Papers
Topics
Authors
Recent
Search
2000 character limit reached

Hierarchical Grouped-MLP Fusion

Updated 9 February 2026
  • Hierarchical grouped-MLP fusion is a neural network design paradigm that partitions high-dimensional inputs into groups and employs hierarchically structured MLP mixing to capture multi-level interactions.
  • It leverages learnable grouping, blockwise local mixing, and pyramid-like aggregation to drastically reduce parameter counts and computational costs compared to dense MLPs.
  • This approach has shown empirical success in vision, sequence modeling, tabular data, and multimodal tasks, achieving state-of-the-art results with efficient resource use.

Hierarchical grouped-MLP fusion refers to a family of neural network design paradigms in which multilayer perceptrons (MLPs) are hierarchically organized and fused across feature, spatial, or modal groupings, often with learnable grouping, pooling, or grouping-permutation strategies. This class includes architectures such as Group-Connected MLPs, CS-Mixer, Butterfly/Dimension Mixers, and gMLP-based hierarchical vision models, each leveraging structured group-wise mixing and hierarchical pooling or merging to increase efficiency, expressive power, or multi-level interaction—all without global, fully dense connections. Core to this paradigm are learnable or structured grouping operations, local groupwise MLP interactions, and the aggregation of higher-order dependencies via hierarchical tree-like or pyramid mechanisms.
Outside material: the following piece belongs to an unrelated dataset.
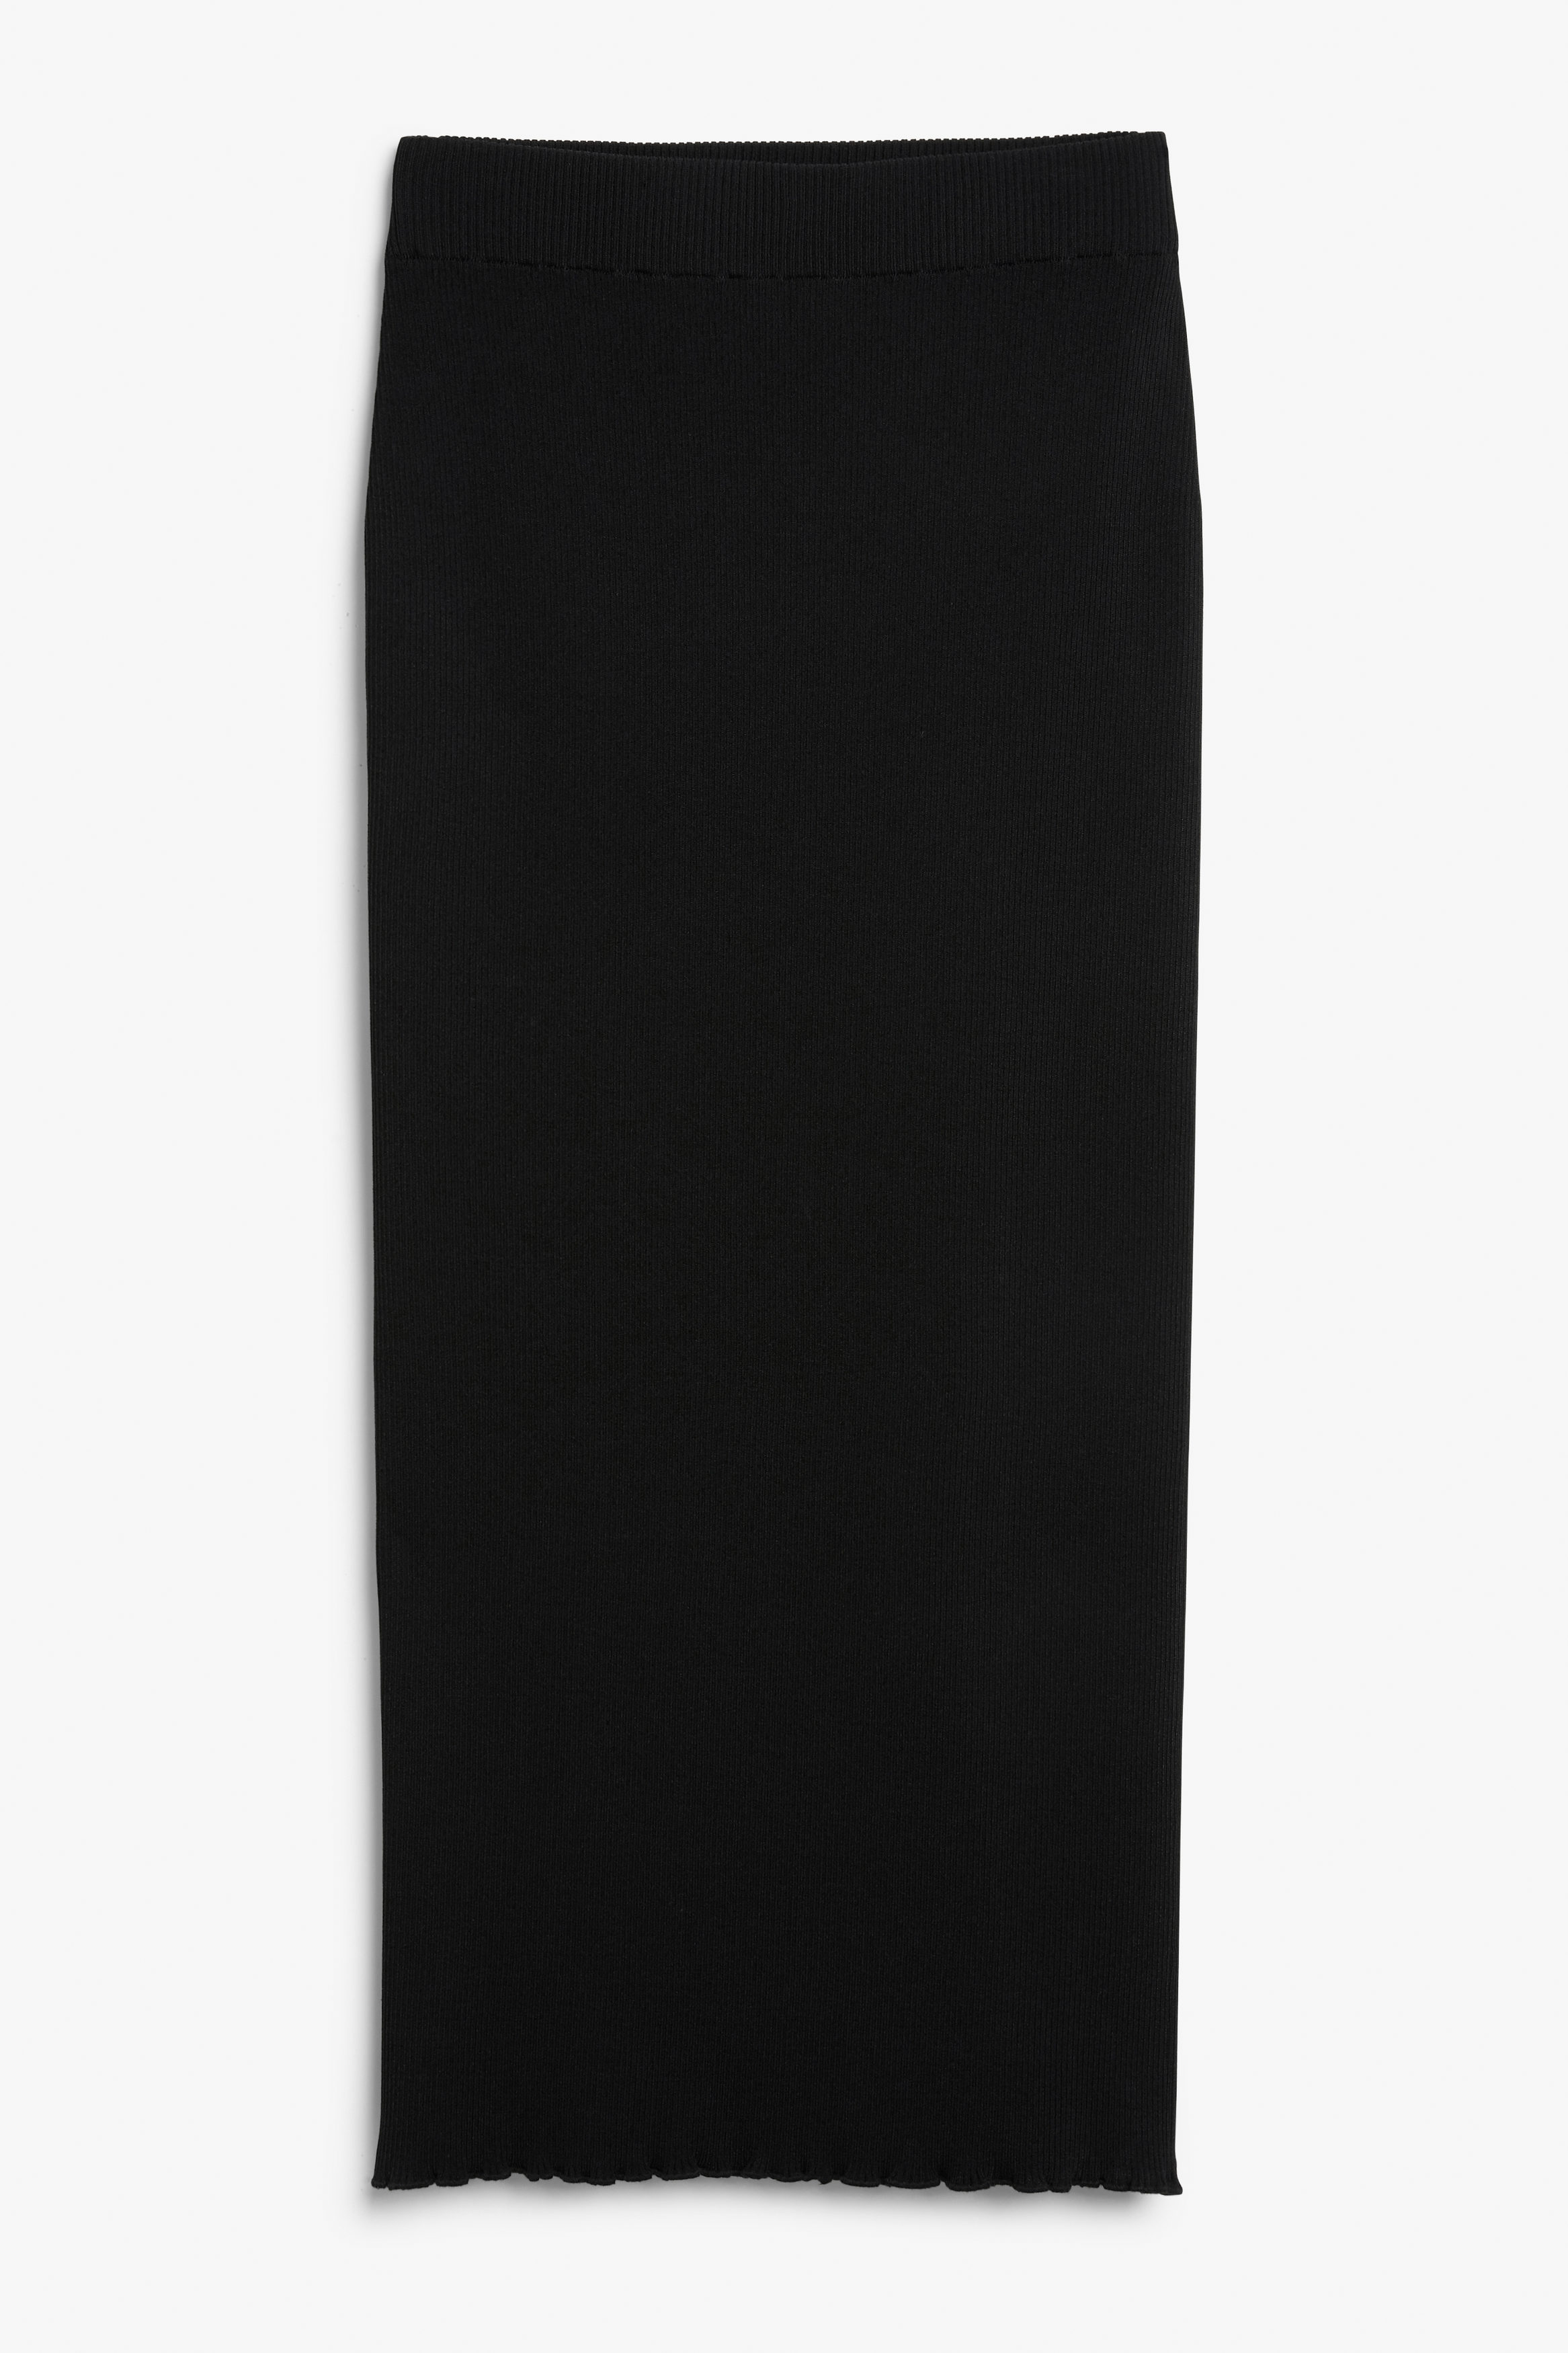 Billede af Monki Sort Nederdel I Rib Med Bølgekant, Nederdele. Farve: Black størrelse XS

1. Core Principles of Hierarchical Grouped-MLP Fusion

The central principle underlying hierarchical grouped-MLP fusion is partitioning a high-dimensional input (features, tokens, modalities, or spatial locations) into groups, applying trainable MLP-based mixing or gating within each group, and hierarchically merging or permuting groups at deeper layers. This process can be realized with:

  • Learned or structured group assignments: Via softmaxed grouping matrices with entropy regularization, fixed windowing, or pre-specified blockings.
  • Local group-wise MLP fusion: MLPs operate only on group-contained features or tokens, reducing parameter and computational complexity.
  • Hierarchical aggregation: Deeper layers merge, pool, or mix outputs from child groups, forming tree or pyramid hierarchies capturing high-order dependencies.
  • Cross-scale and multi-level fusion: Multi-stage or skip-connected groupwise fusions enable both fine and global interactions.

These strategies directly contrast the all-to-all connectivity of traditional dense MLPs, offering efficiency, modularity, and—when groups and their merging are engineered or learned judiciously—state-of-the-art performance in domains ranging from tabular data to large-scale vision tasks (Kachuee et al., 2019, Cui et al., 2023, Sapkota et al., 2023, Go et al., 2022).

2. Learned Grouping and Local Mixing Mechanisms

Several methodologies exploit learnable grouping for fusing input features:

  • Soft Grouping Matrices: In Group-Connected MLPs (GMLP), each layer uses a soft grouping matrix GtRd×gtG^t \in \mathbb{R}^{d \times g_t} parameterized by logits ZtZ^t and temperature TT. As T0T \to 0, features are essentially assigned to a single group, promoting hard partitions. An entropy penalty i,jGijtlogGijt-\sum_{i,j} G^t_{ij} \log G^t_{ij} is added to the loss, balancing sharp assignments against smooth optimization (Kachuee et al., 2019).
  • Blockwise and Windowed Local MLPs: In gSwin, the spatial feature map is partitioned into non-overlapping or shifted windows, with each window processed by a windowed spatial gating unit (SGU) that mixes tokens/grouped locations via an MLP and gating mechanism. The SGU’s gating matrix is block-diagonal over all windows, keeping parameter growth in check (Go et al., 2022).
  • Butterfly/Dimension Groupings: Hierarchically permuted groupings, inspired by the FFT’s butterfly structure, perform blockwise MLP mixing with a new group structure at each stage, such that after O(logrN)O(\log_r N) steps all coordinates can communicate globally. These groupings are determined by radix-rr representations of indices and systematic permutations (Sapkota et al., 2023).
  • Low-Rank and Grouped Spatio-Channel Mixing: CS-Mixer splits spatial tokens into groups in both local and global configurations and applies low-rank, multi-head MLP mixing in each, capturing interactions across height, width, and channels jointly via grouped transforms (Cui et al., 2023).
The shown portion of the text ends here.